### HOW TO COMPLETE THIS TASK
Retype each record below word for word, pictures excluded.

-------------------------

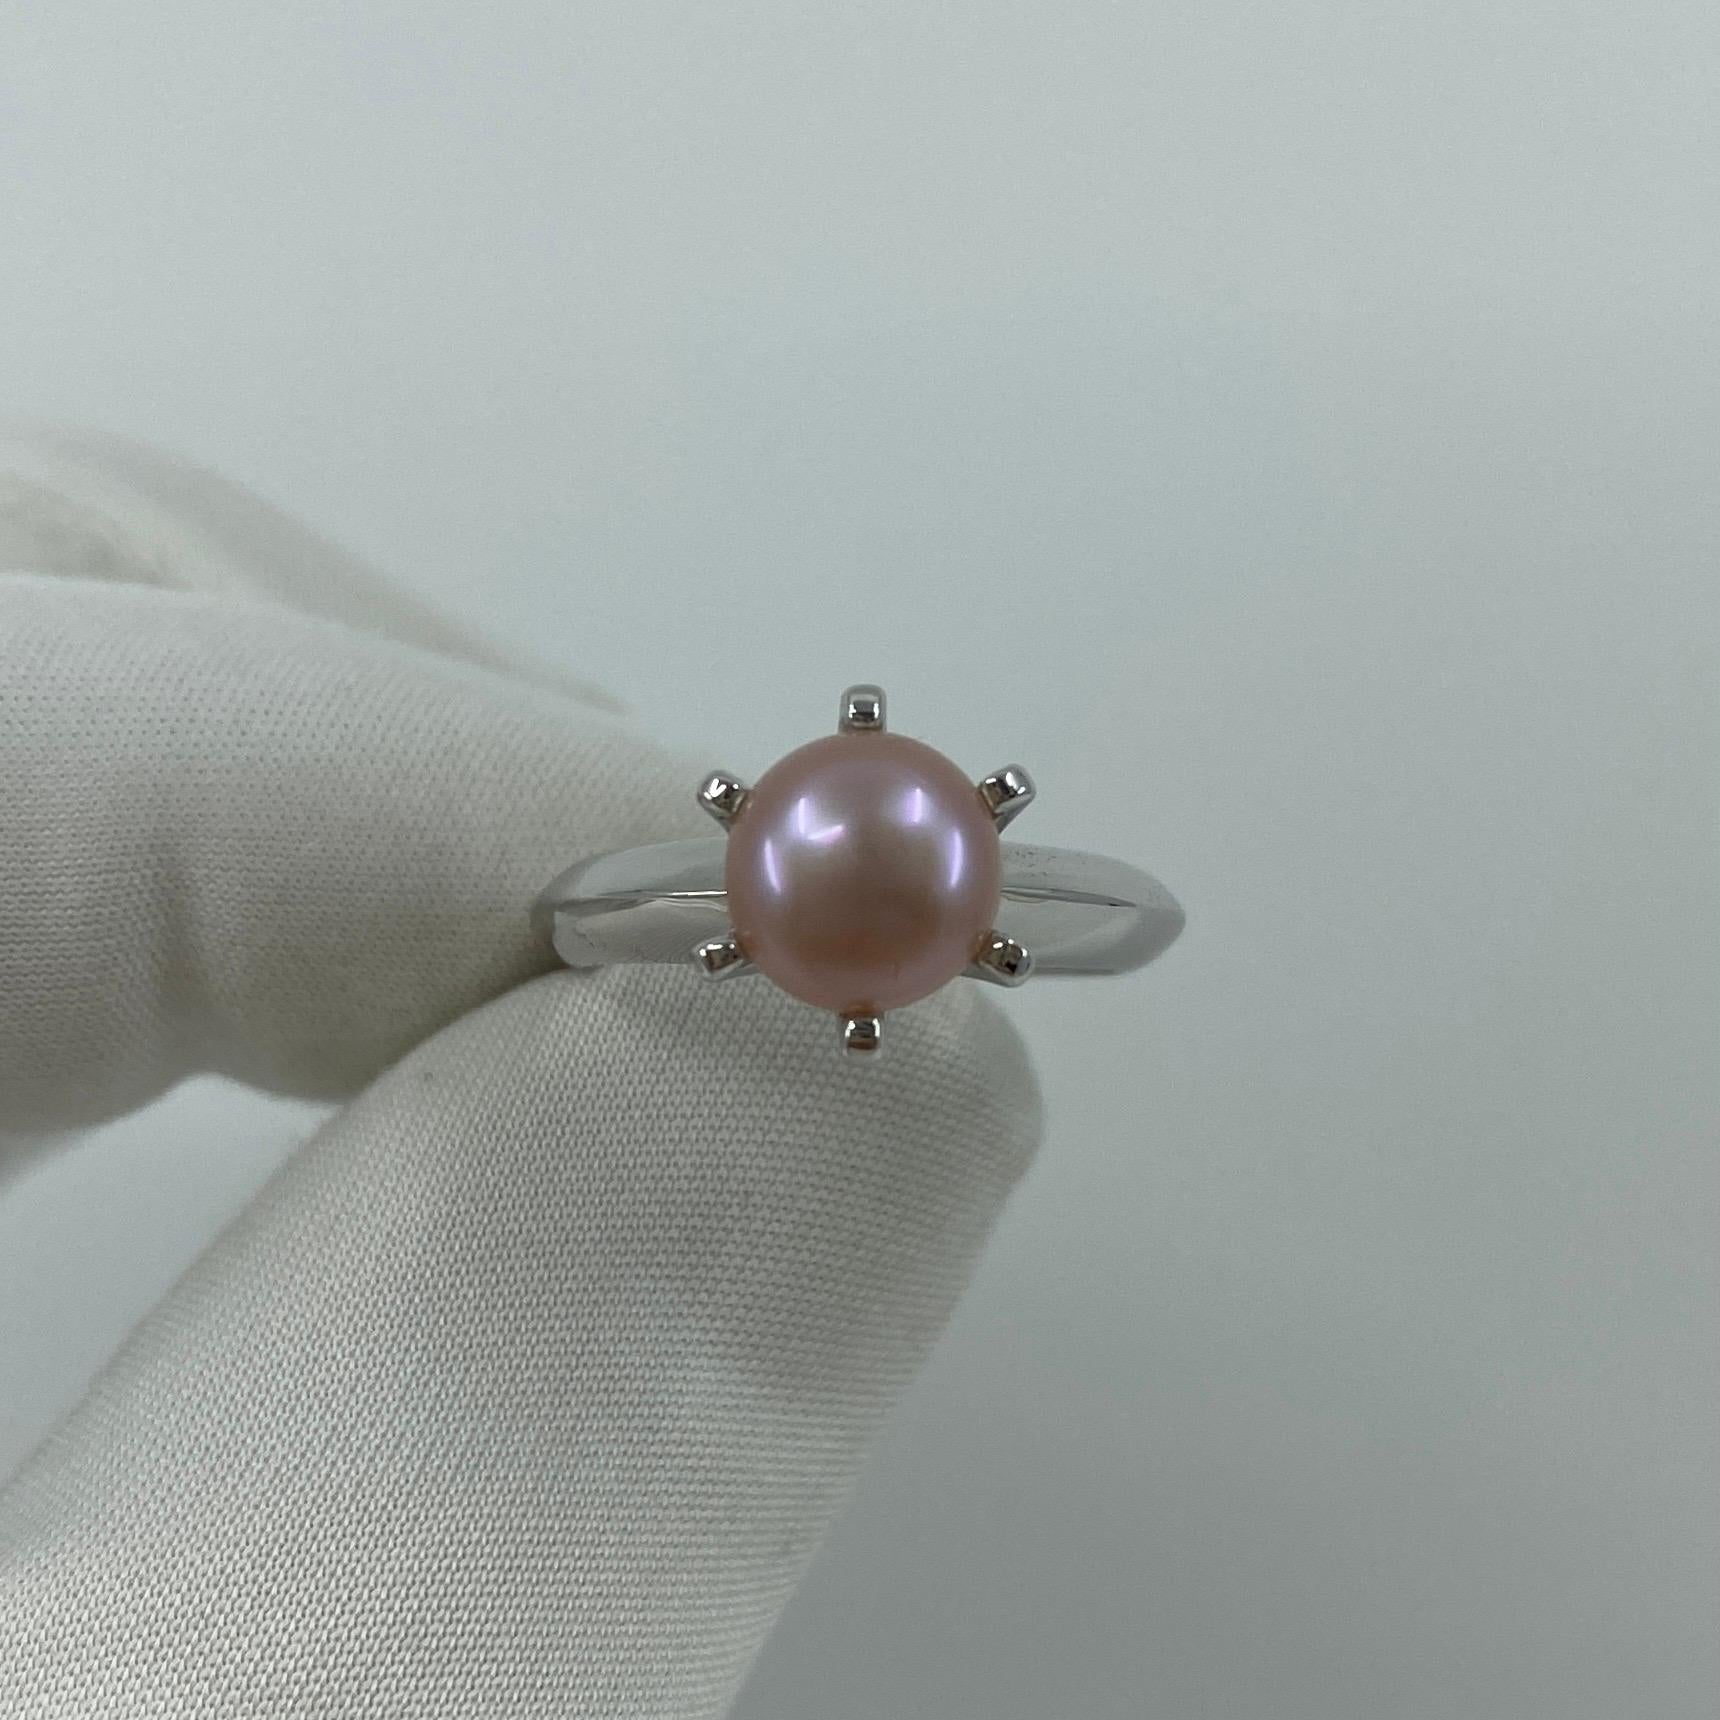 Freshwater Pink Pearl Silver Solitaire Ring.

Fine 7.7mm cultured pink pearl set in a beautiful 6 prong sterling silver solitaire ring. Excellent polish on the ring and the pearl is also excellent quality in top condition.

Ring size M. The ring is
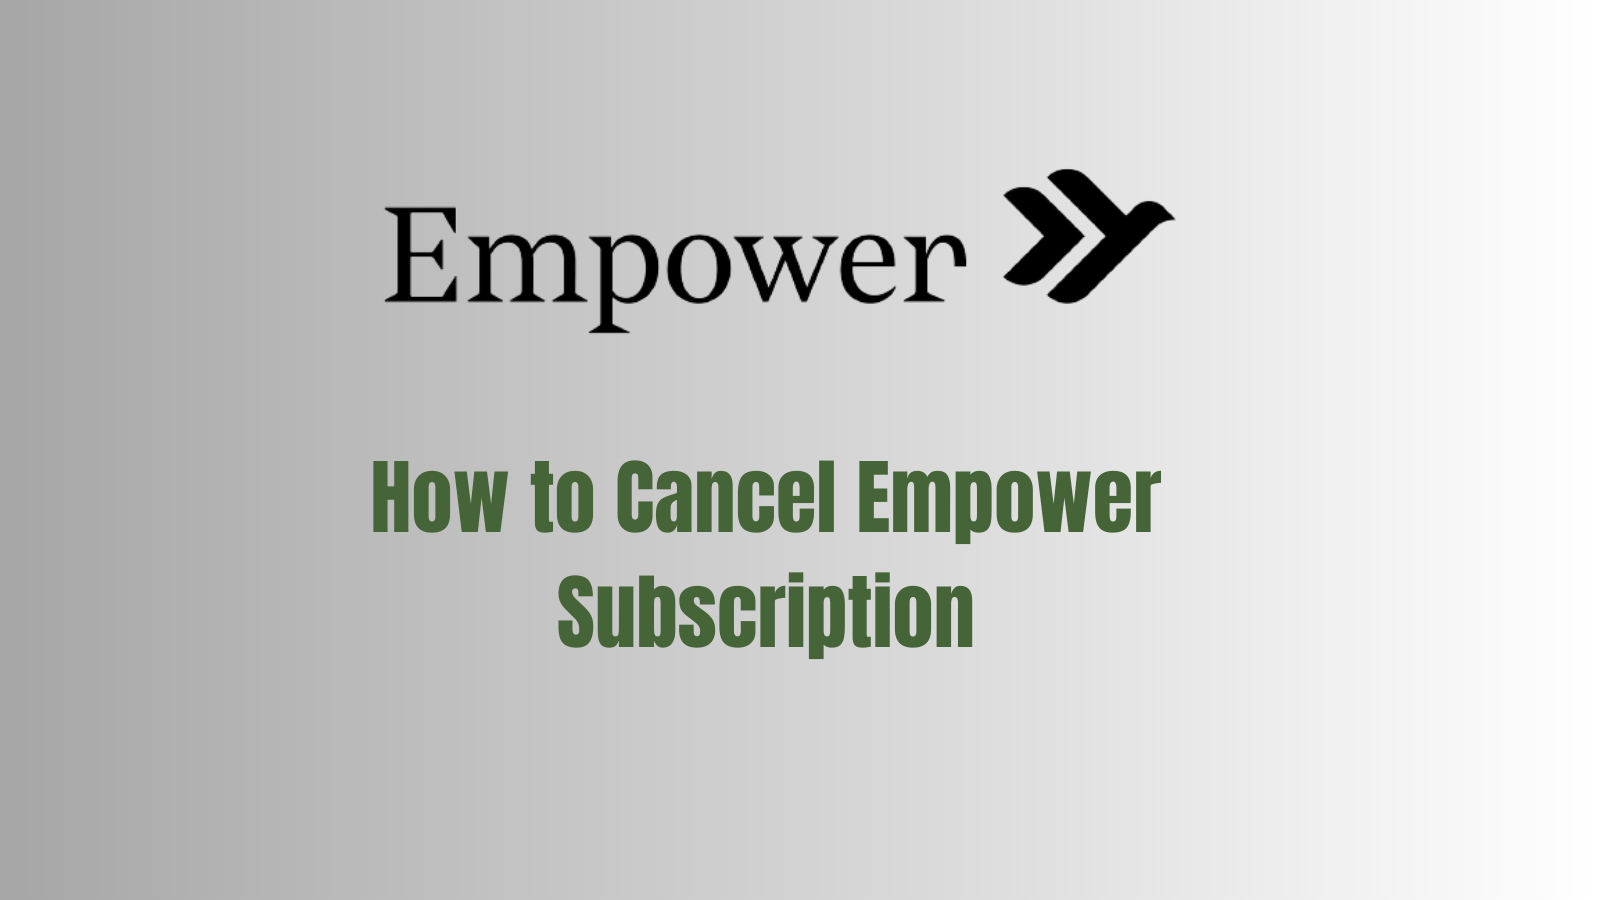 How to Cancel Empower Subscription
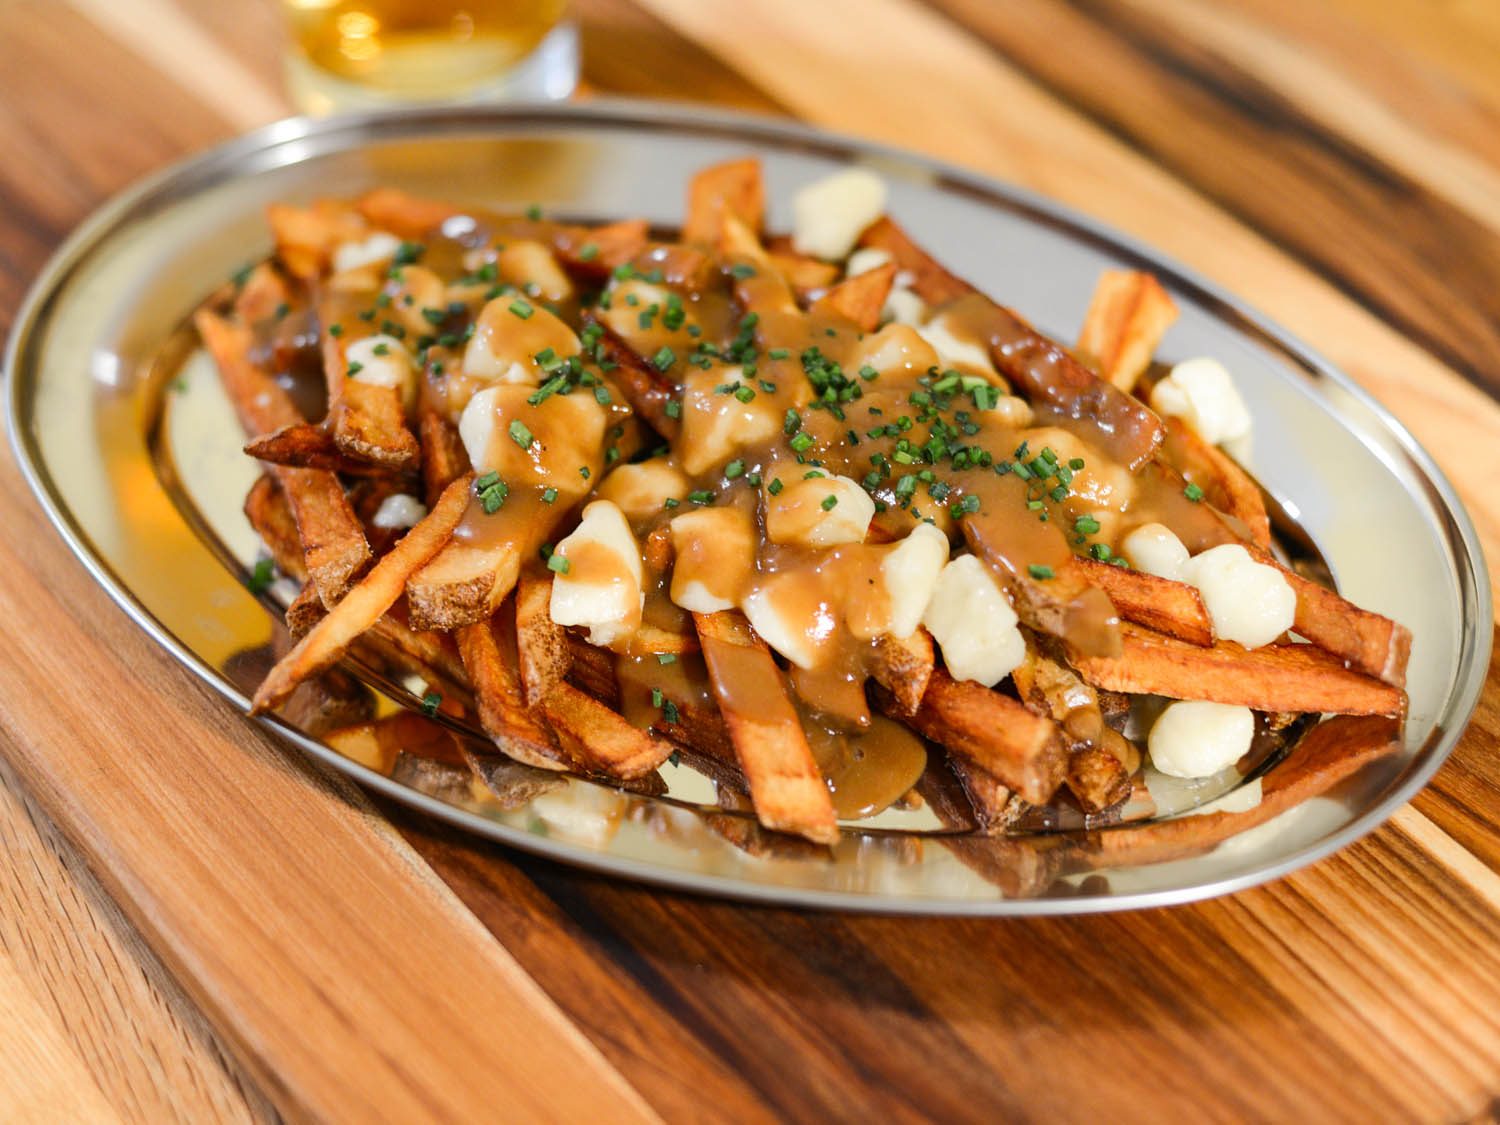 🥔 Can We Guess Your Generation Based on the Different Ways You’ve Eaten Potatoes? Poutine
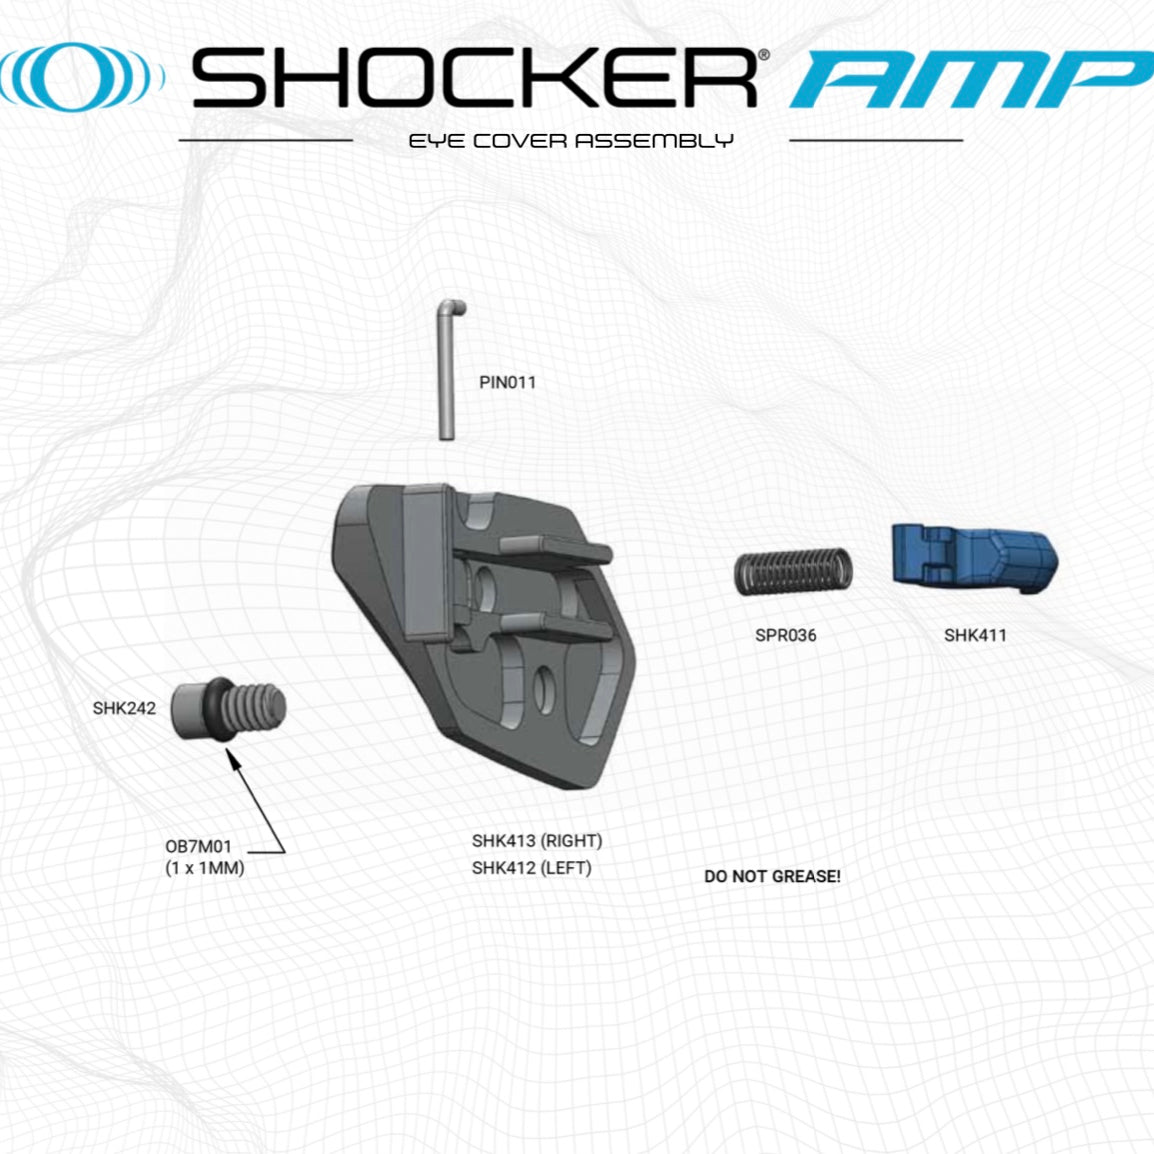 SP Shocker Amp Eye Cover Assembly Parts List - Pick the Part You Need!

-------------------------

### RESULT OF THE TASK
 Freshwater Pink Pearl Silver Solitaire Ring.

Fine 7.7mm cultured pink pearl set in a beautiful 6 prong sterling silver solitaire ring. Excellent polish on the ring and the pearl is also excellent quality in top condition.

Ring size M. The ring is
 How to Cancel Empower Subscription
 🥔 Can We Guess Your Generation Based on the Different Ways You’ve Eaten Potatoes? Poutine
 SP Shocker Amp Eye Cover Assembly Parts List - Pick the Part You Need!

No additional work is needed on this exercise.